Dataset records:
-- Opening Marker --

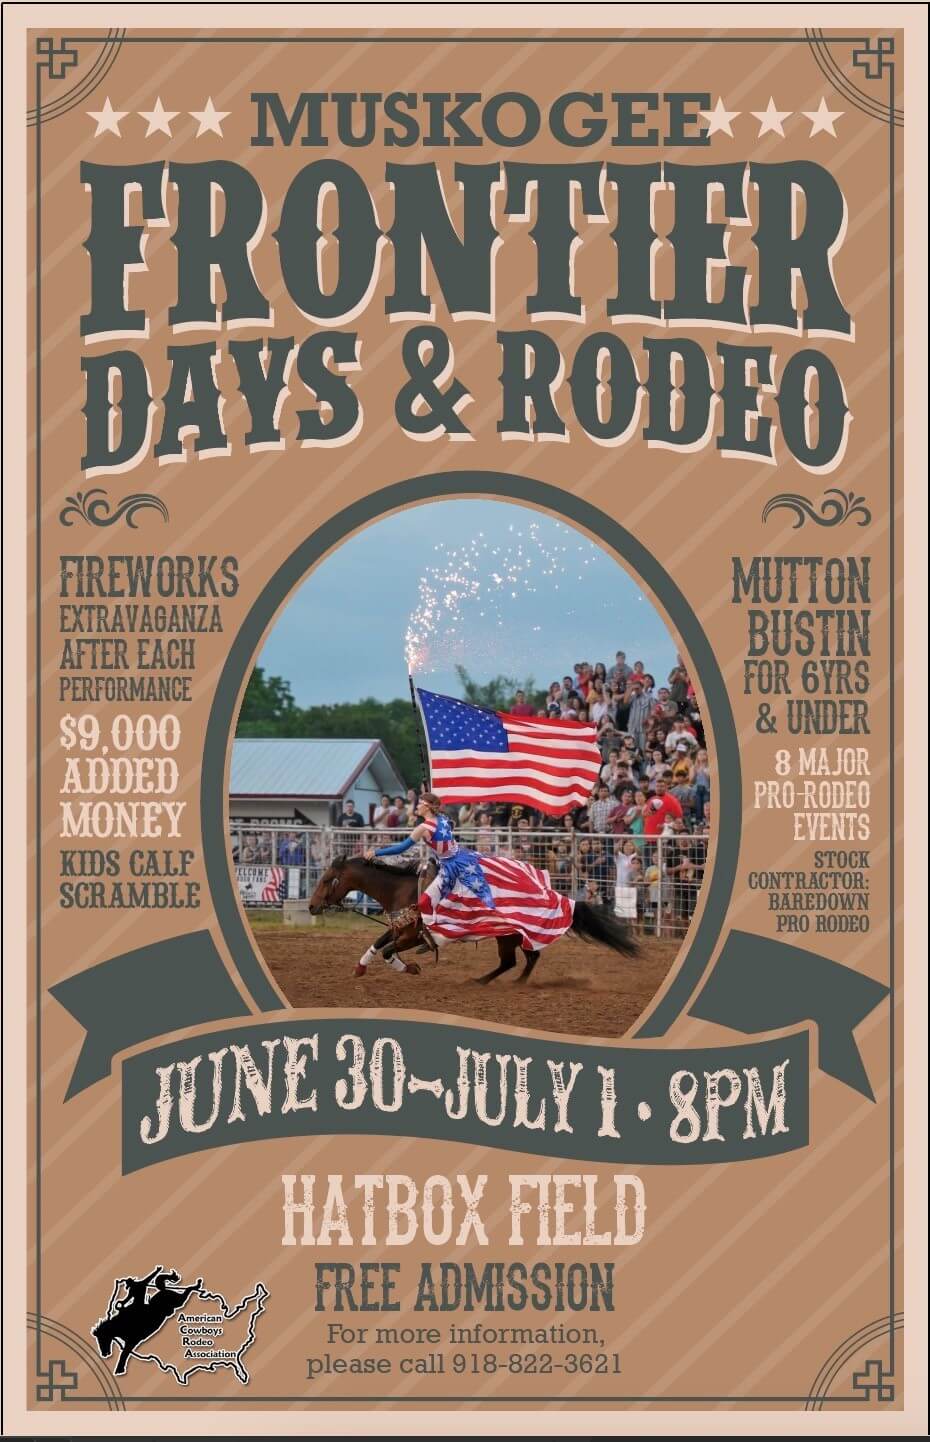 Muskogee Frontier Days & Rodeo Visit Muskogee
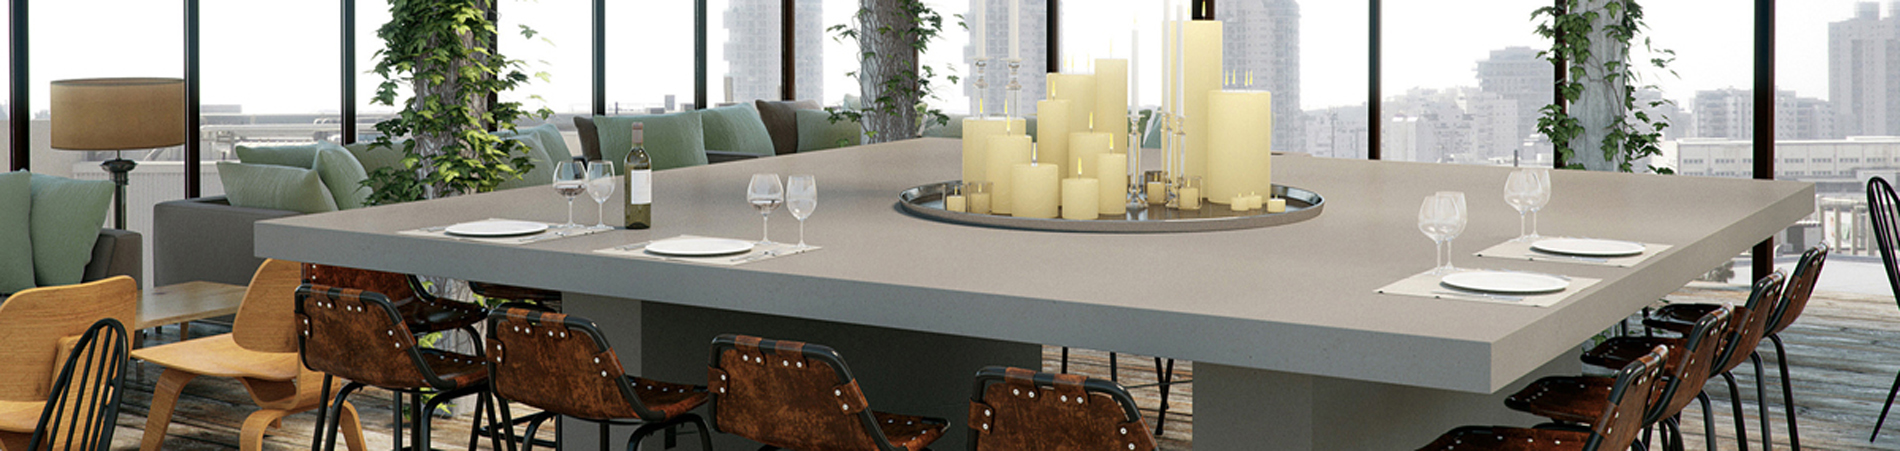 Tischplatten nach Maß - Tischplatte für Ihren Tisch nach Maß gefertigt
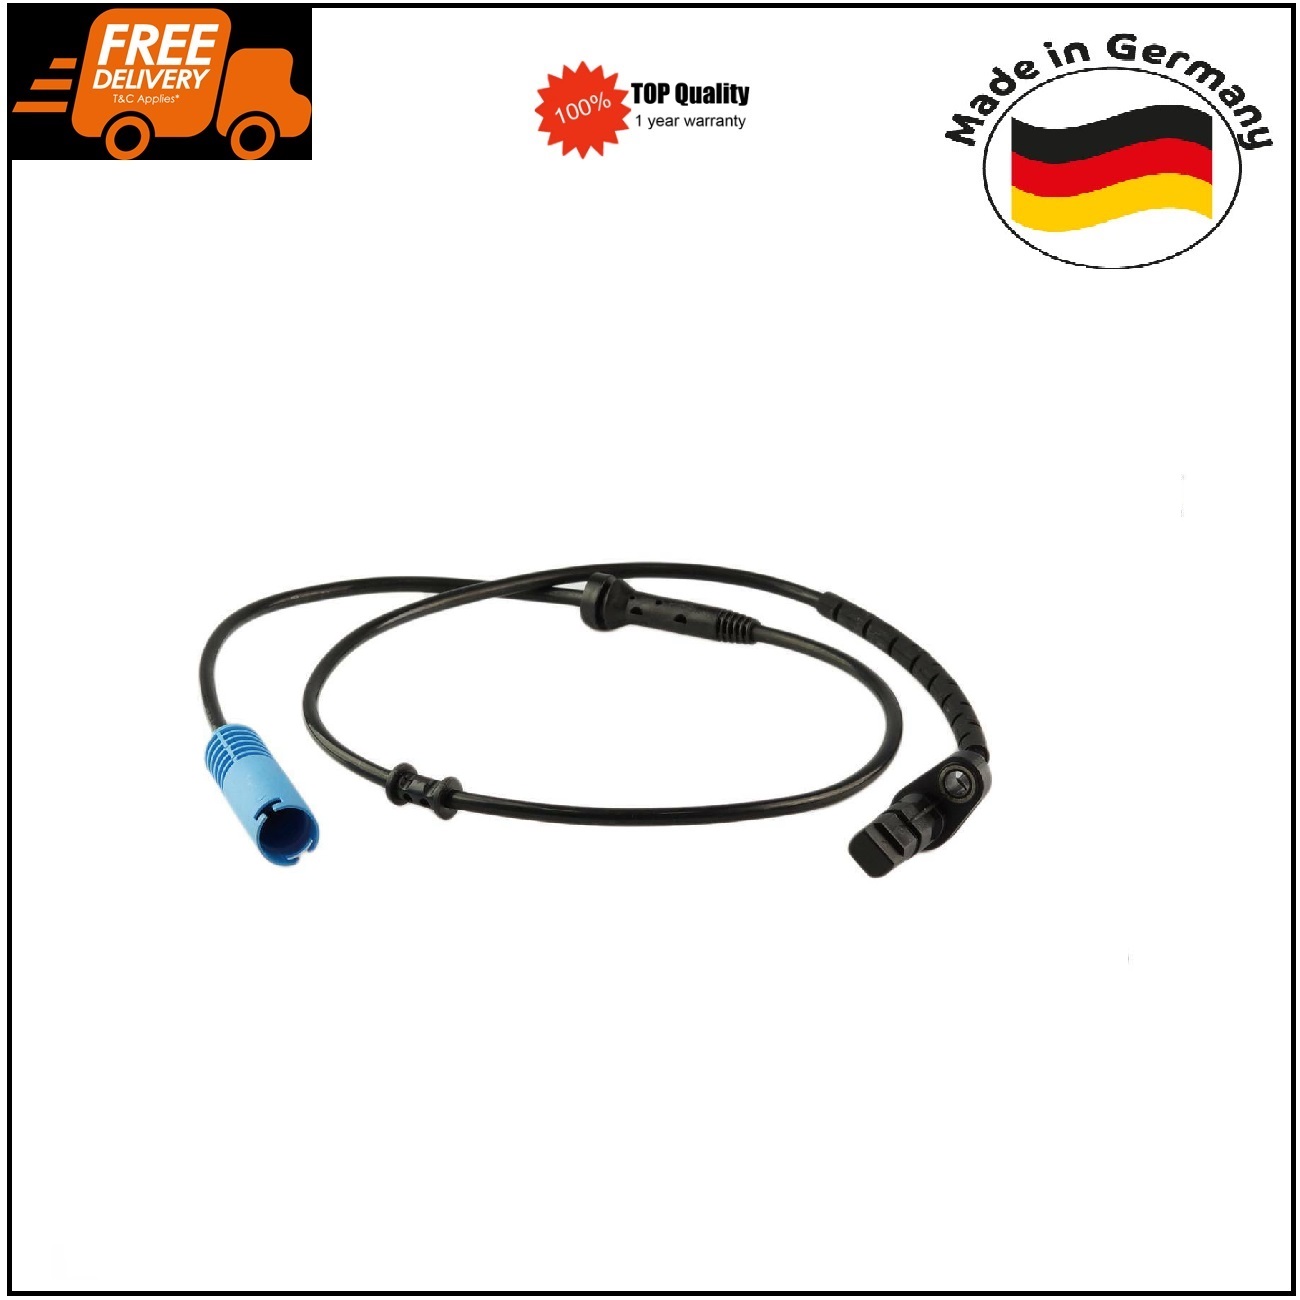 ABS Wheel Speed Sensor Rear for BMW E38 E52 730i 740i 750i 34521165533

-- Closing Marker --
-- Opening Marker --

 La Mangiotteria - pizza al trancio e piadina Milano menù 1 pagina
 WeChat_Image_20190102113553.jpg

-- Closing Marker --

Assigned task: Beginning at the line that has "Muskogee Frontier Days" and ending at the line that has "ABS Wheel Speed", restate the listing above word for word, pictures left out.

Answer section:
 Muskogee Frontier Days & Rodeo Visit Muskogee
 Tischplatten nach Maß - Tischplatte für Ihren Tisch nach Maß gefertigt
 ABS Wheel Speed Sensor Rear for BMW E38 E52 730i 740i 750i 34521165533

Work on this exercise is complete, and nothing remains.